Sodium-Glucose Cotransporter Inhibitors as Antidiabetic Drugs: Current Development and Future Perspectives
- PMID: 35924548
- PMCID: PMC9937539
- DOI: 10.1021/acs.jmedchem.2c00867
Sodium-Glucose Cotransporter Inhibitors as Antidiabetic Drugs: Current Development and Future Perspectives
Abstract
Sodium-glucose cotransporter 2 (SGLT-2) inhibitors (gliflozins) represent the most recently approved class of oral antidiabetic drugs. SGLT-2 overexpression in diabetic patients contributes significantly to hyperglycemia and related complications. Therefore, SGLT-2 became a highly interesting therapeutic target, culminating in the approval for clinical use of dapagliflozin and analogues in the past decade. Gliflozins improve glycemic control through a novel insulin-independent mechanism of action and, moreover, exhibit significant cardiorenal protective effects in both diabetic and nondiabetic subjects.
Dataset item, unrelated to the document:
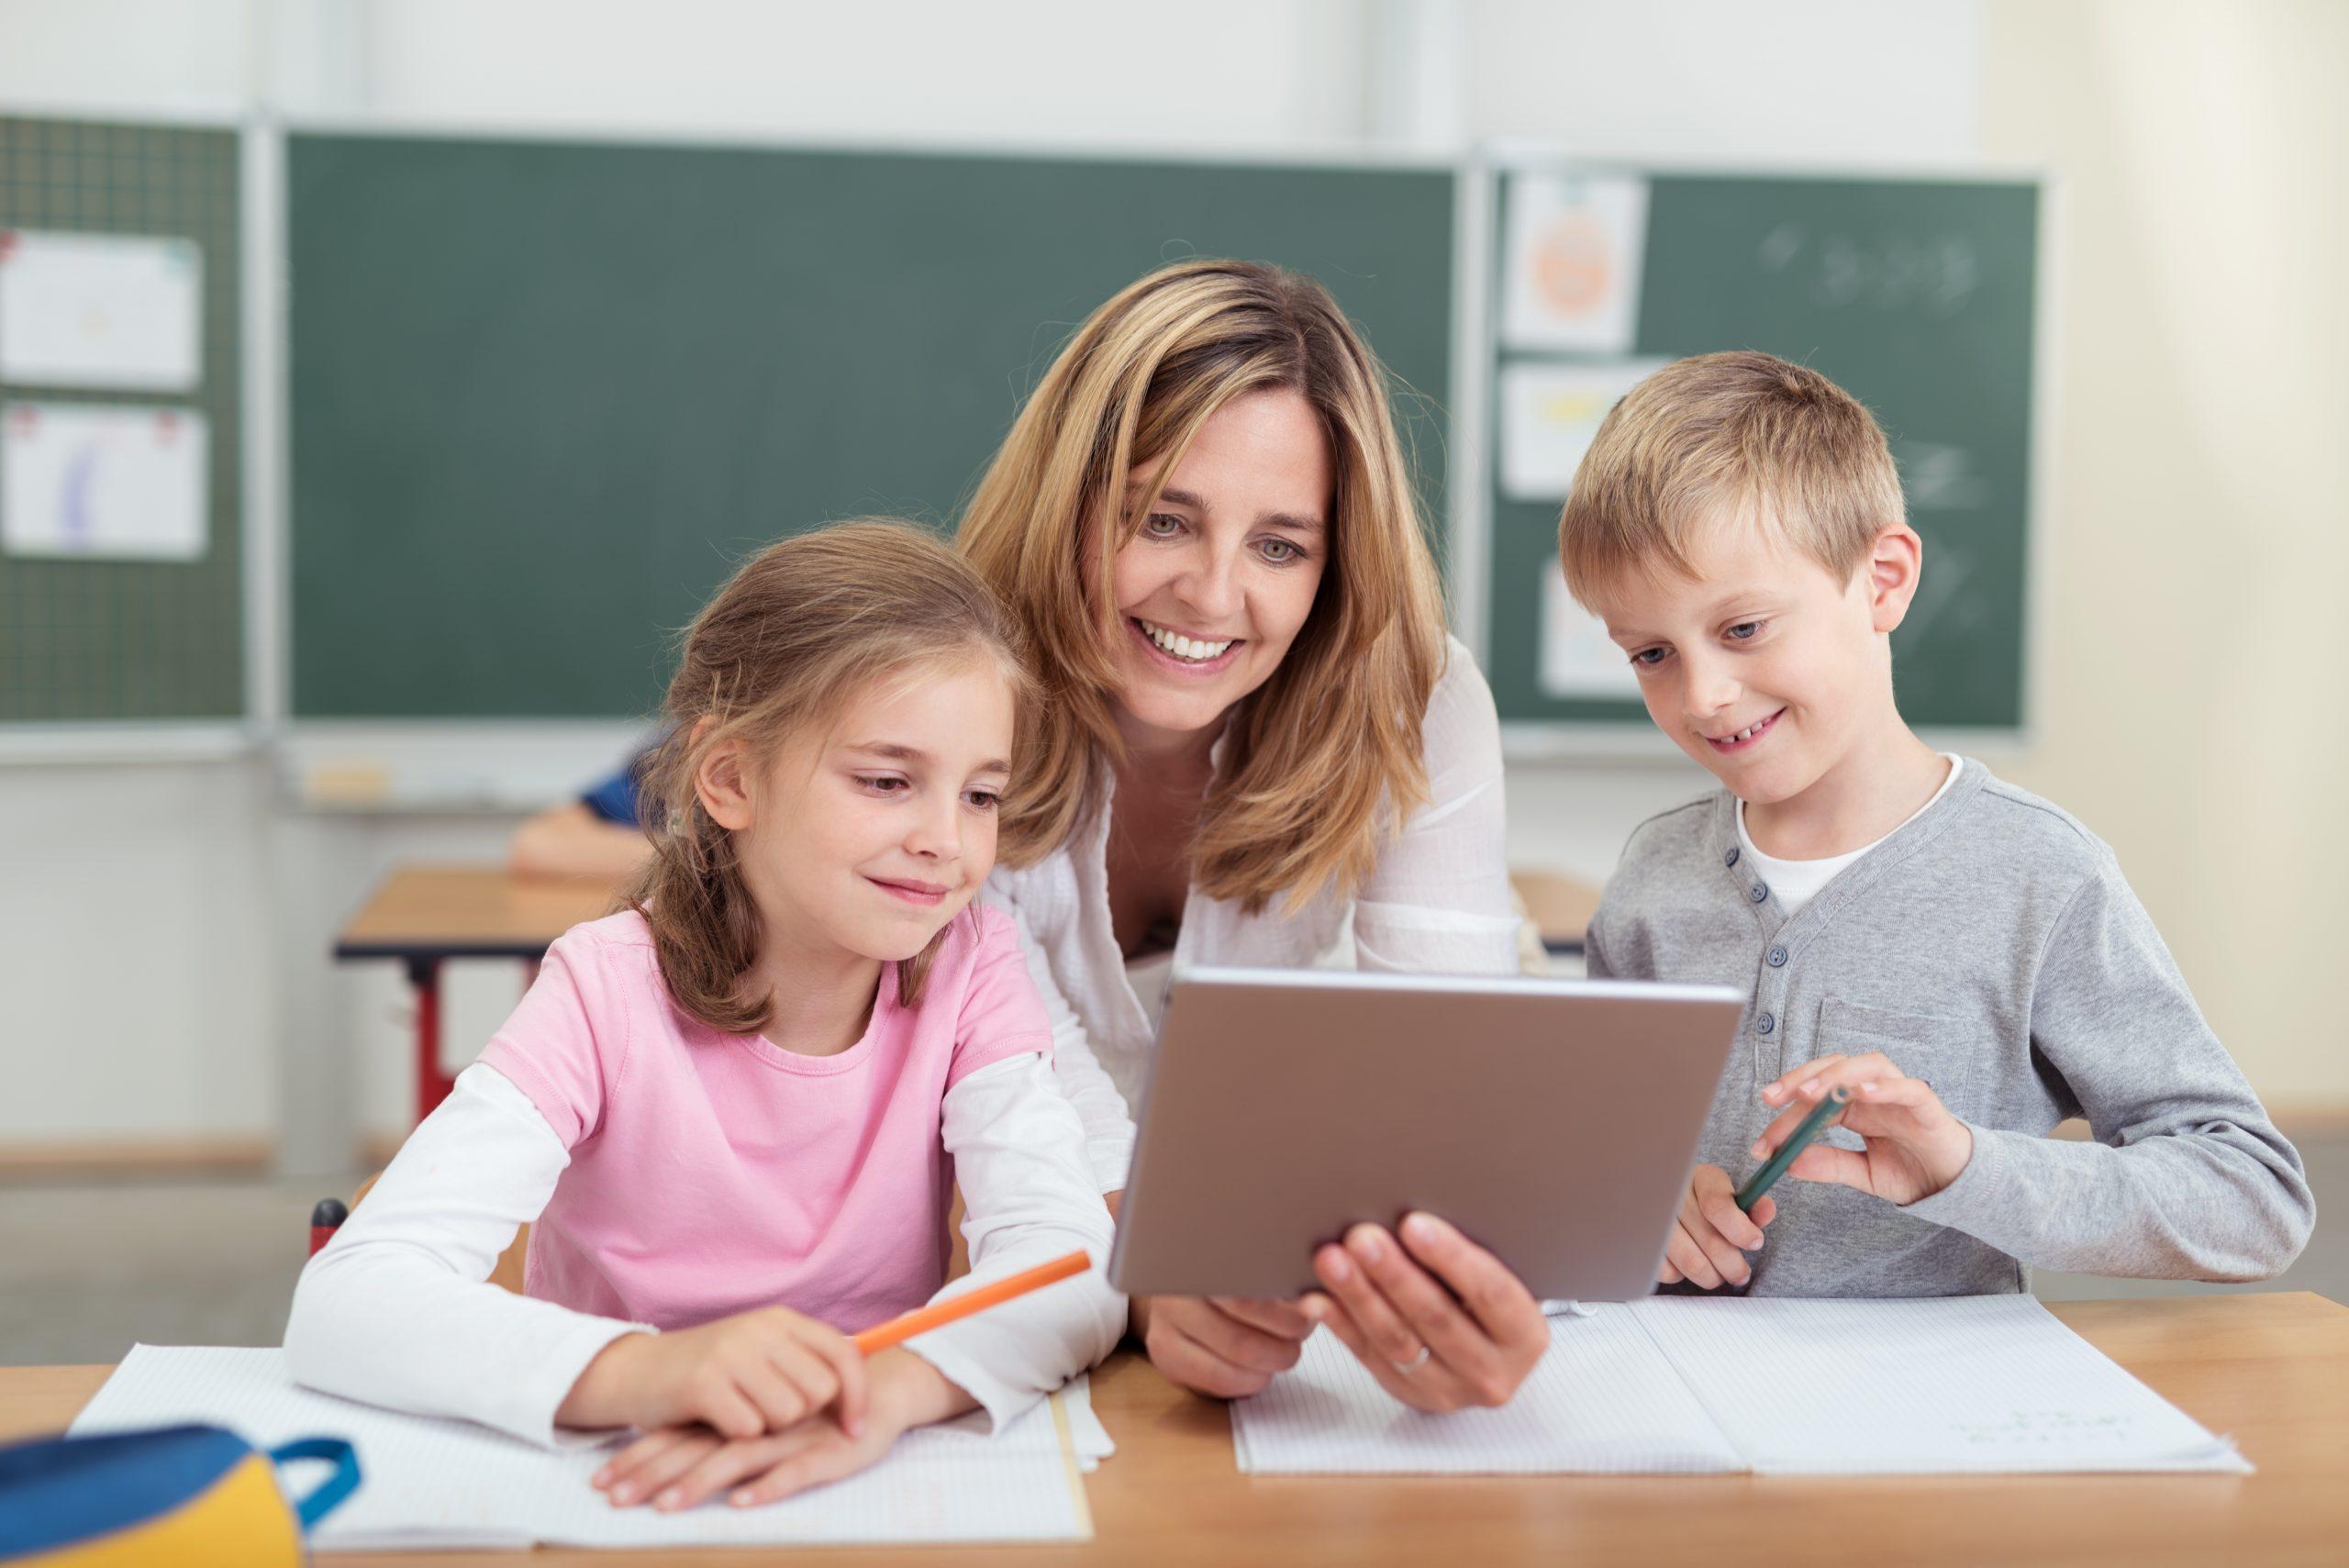 lehrerin zeigt kindern etwas am tablet

Therefore, gliflozins have received increasing attention, prompting extensive structure-activity relationship studies and optimization approaches. The discovery that intestinal SGLT-1 inhibition can provide a novel opportunity to control hyperglycemia, through a multifactorial mechanism, recently encouraged the design of low adsorbable inhibitors selectively directed to the intestinal SGLT-1 subtype as well as of dual SGLT-1/SGLT-2 inhibitors, representing a compelling strategy to identify new antidiabetic drug candidates.
Conflict of interest statement
The authors declare no competing financial interest.